## THE TASK
Your answer must be the full listing, word for word, with no images in it.

## AVAILABLE DATA
====

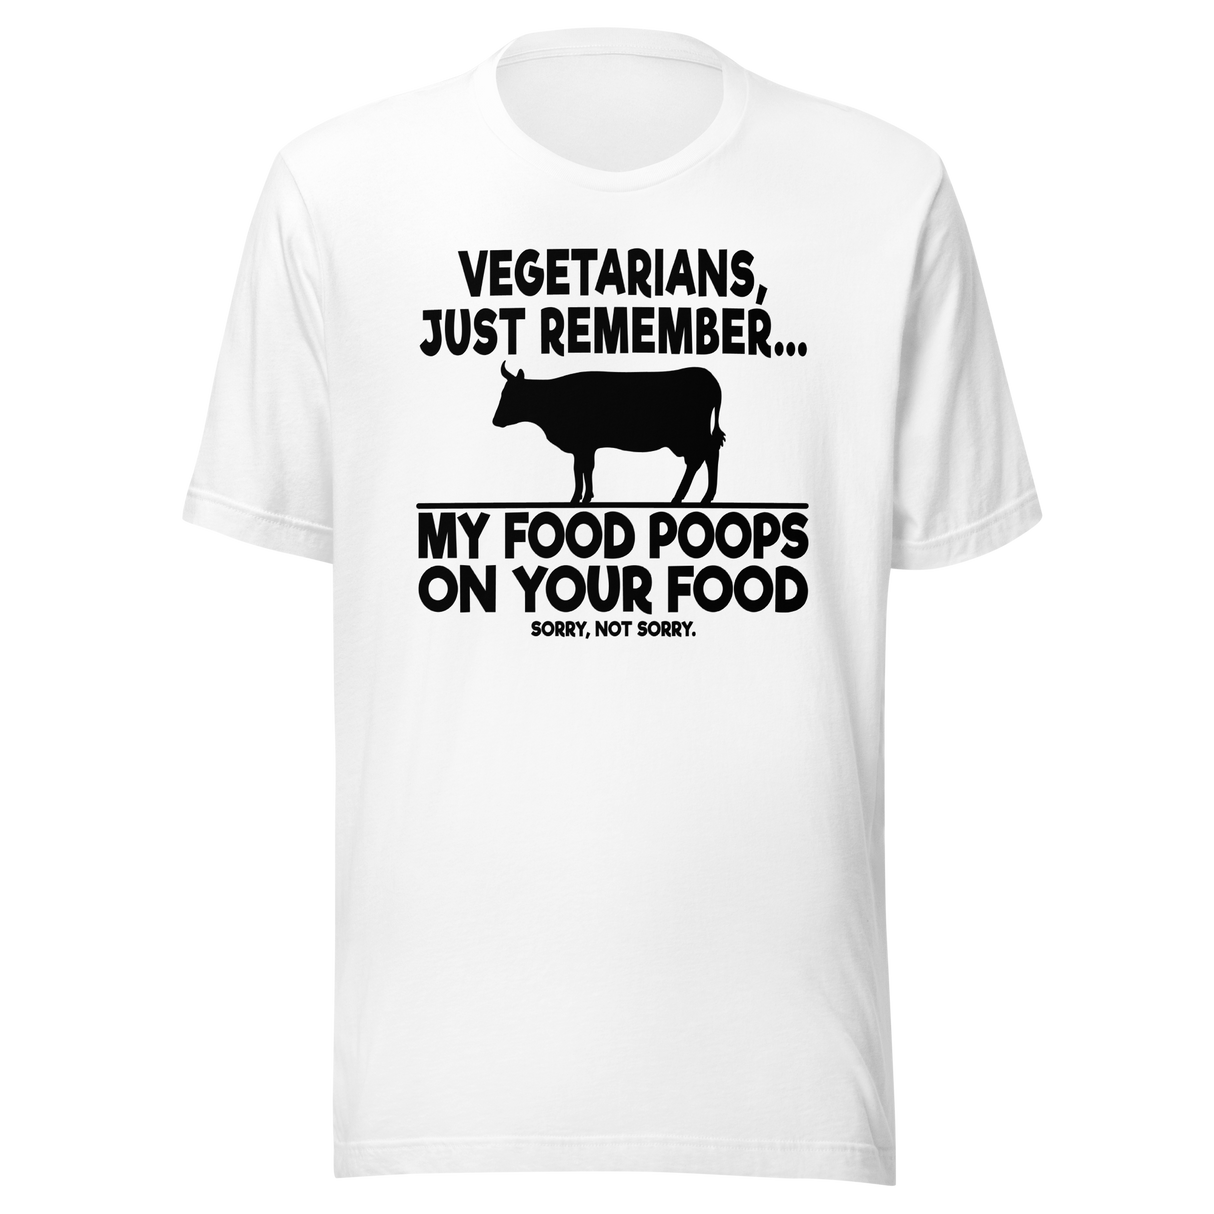 vegetarians-just-remember-my-food-poops-on-your-food-food-tee-humor-t-shirt-foodie-tee-vegetarian-t-shirt-carnivore-tee#color_white
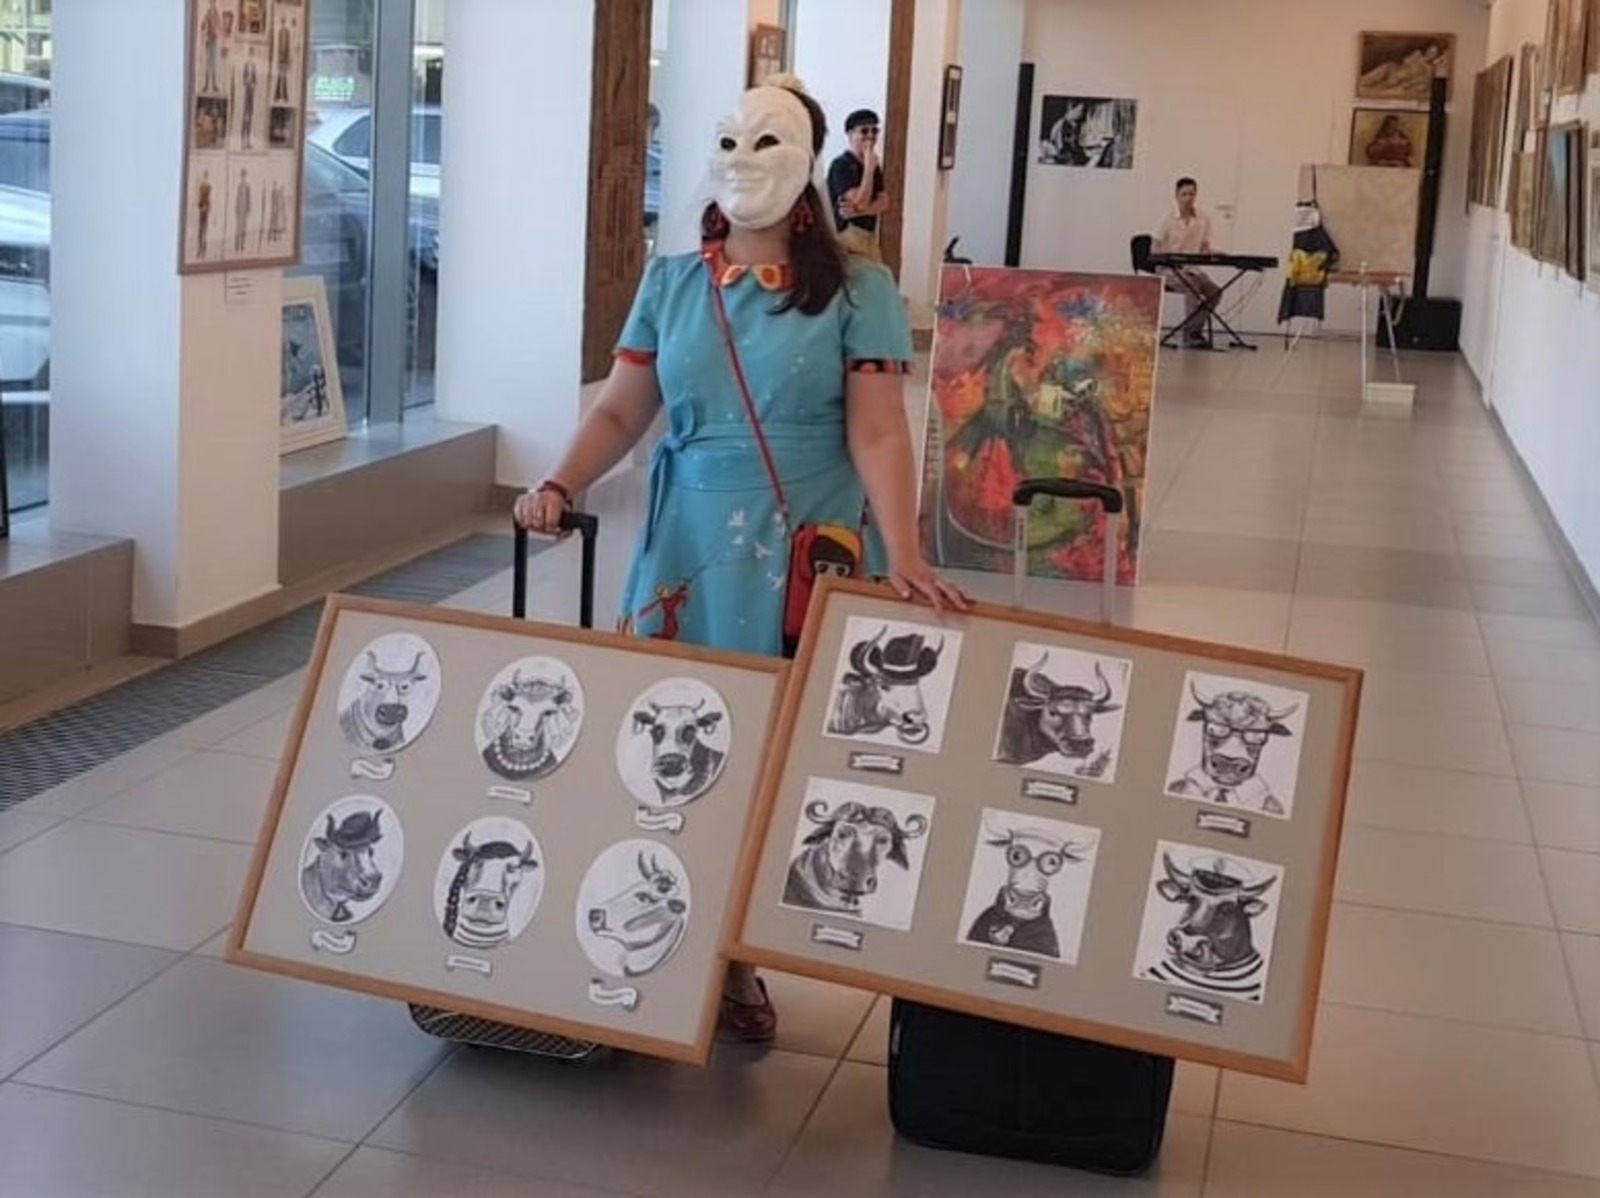 Об  открытии отчётной выставки посвящённой  25-летию регионального отделения творческого союза художников России в республике Башкортостан.
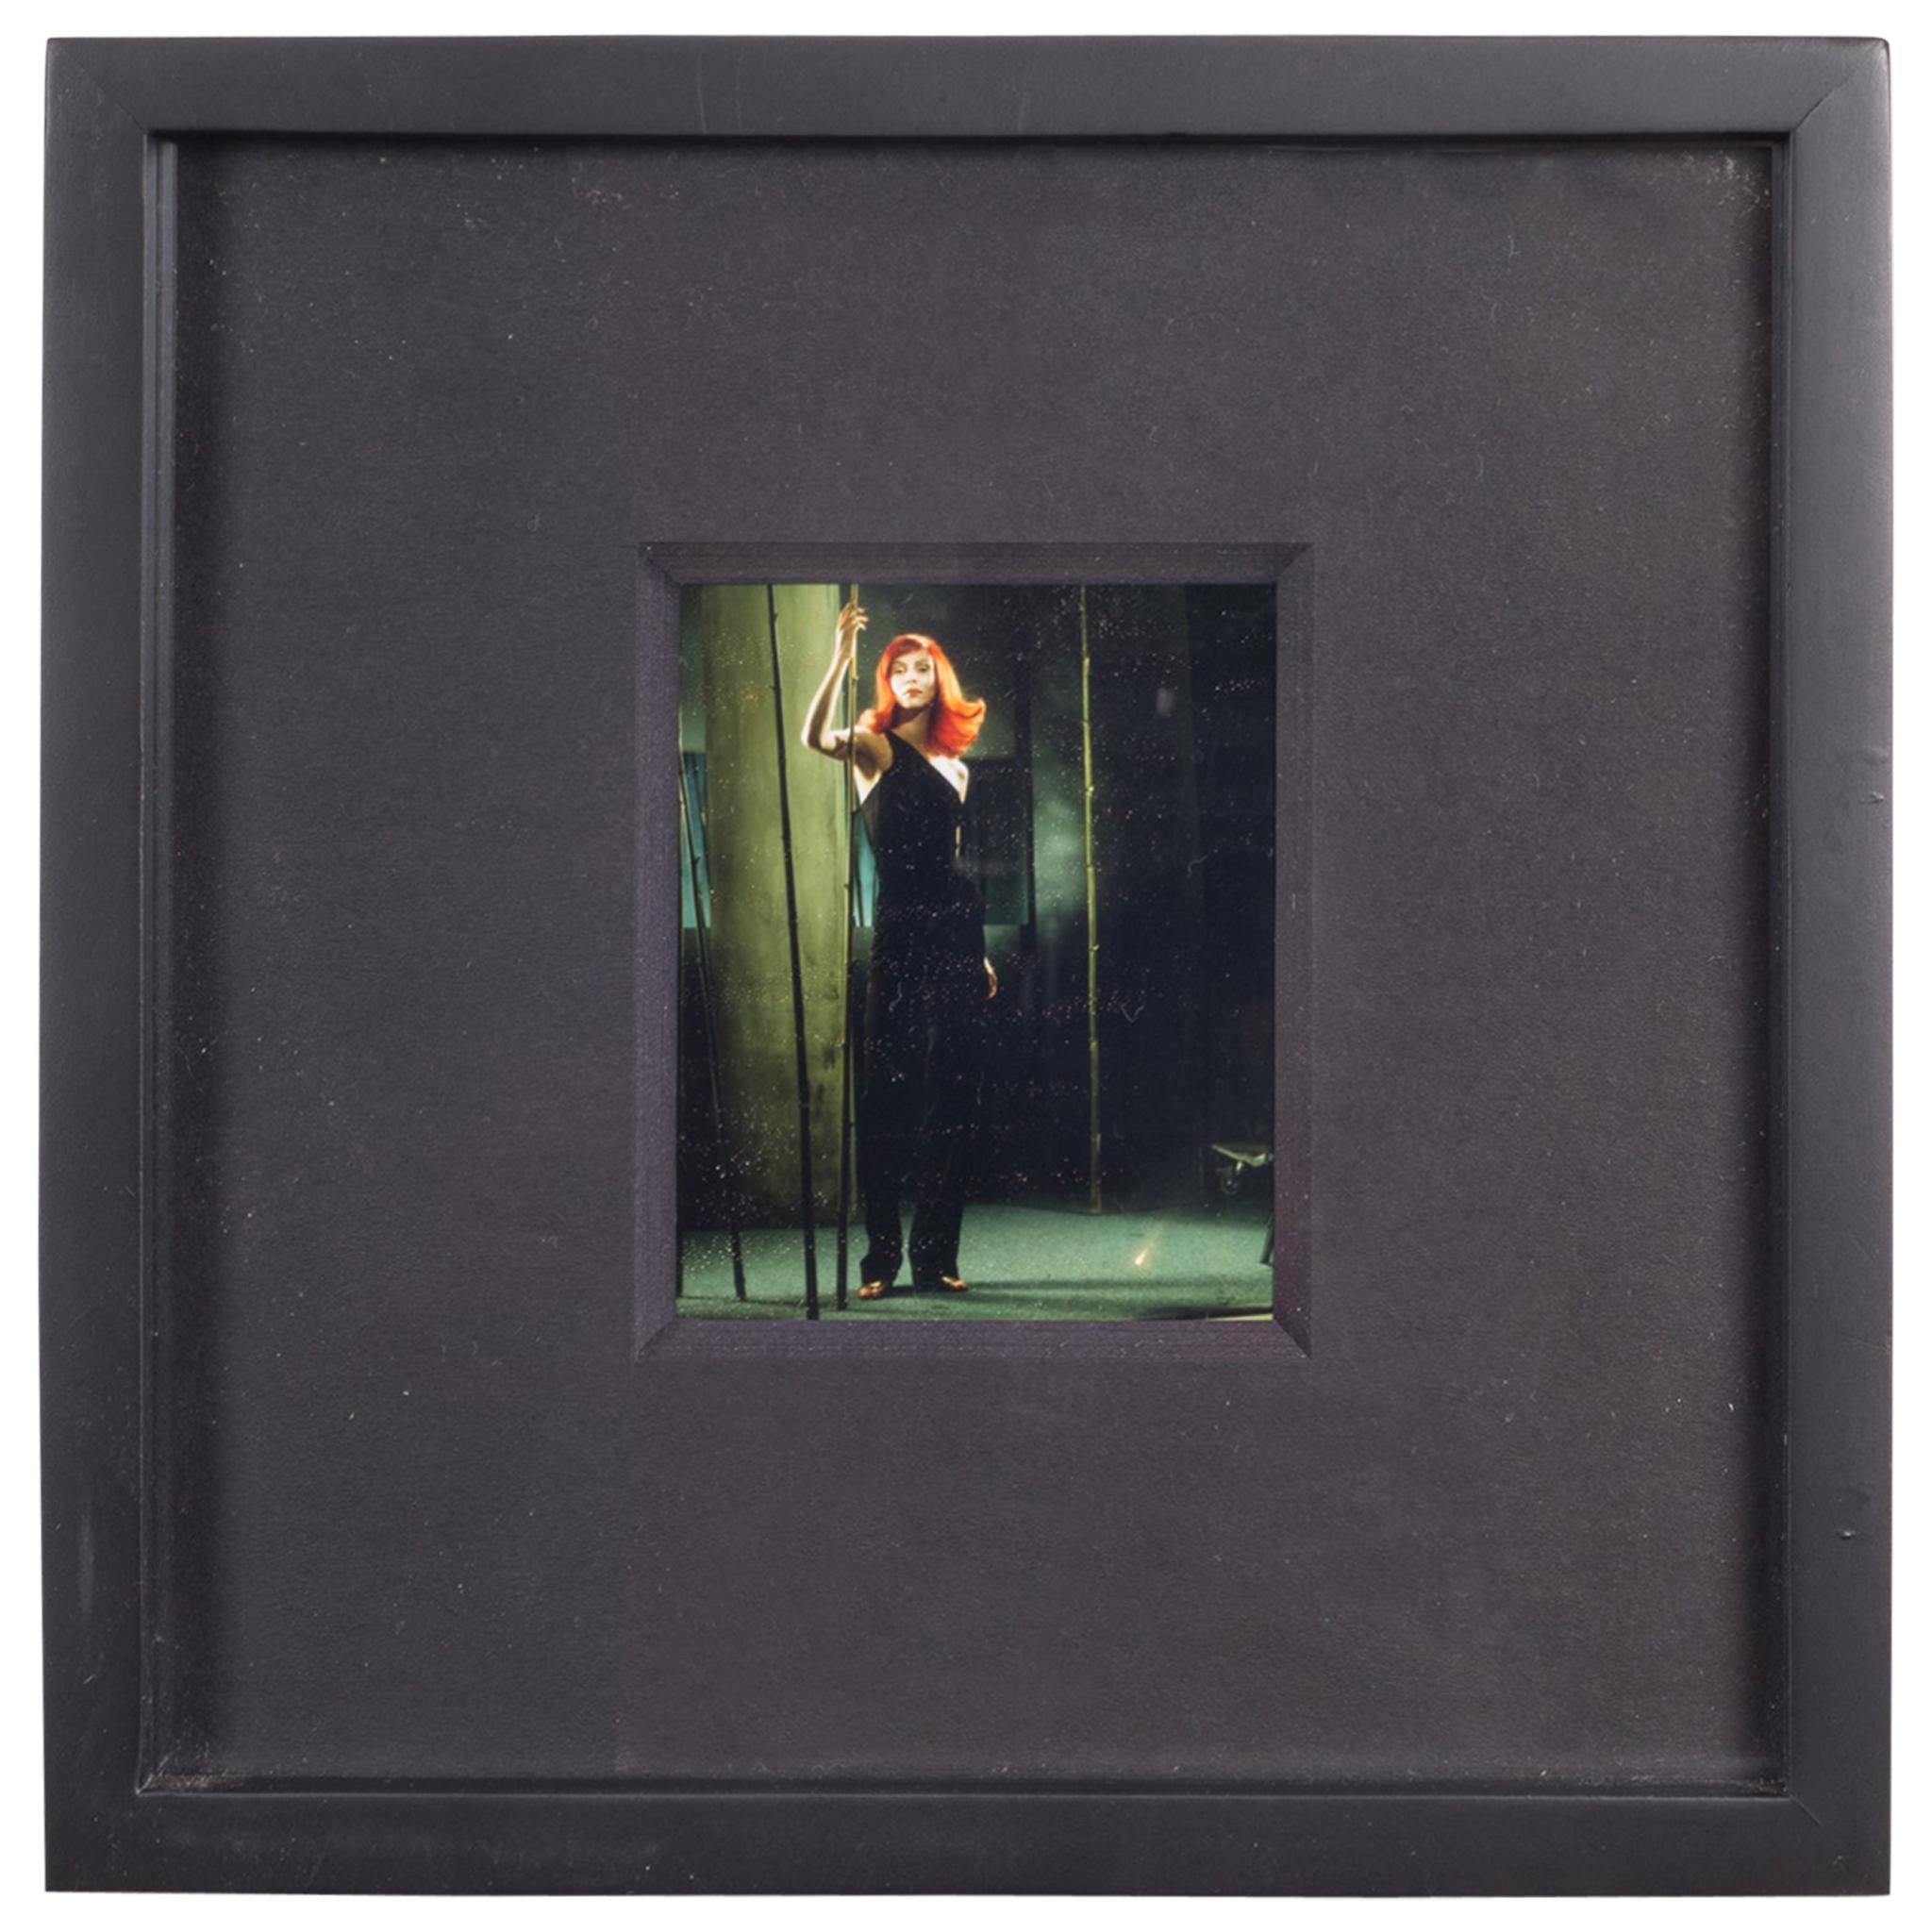 Image de test Polaroid n° 39 de Denise Tarantino pour Dah Len Studios

====

## COMPLETED EXERCISE
 vegetarians-just-remember-my-food-poops-on-your-food-food-tee-humor-t-shirt-foodie-tee-vegetarian-t-shirt-carnivore-tee#color_white
 Об  открытии отчётной выставки посвящённой  25-летию регионального отделения творческого союза художников России в республике Башкортостан.
 Image de test Polaroid n° 39 de Denise Tarantino pour Dah Len Studios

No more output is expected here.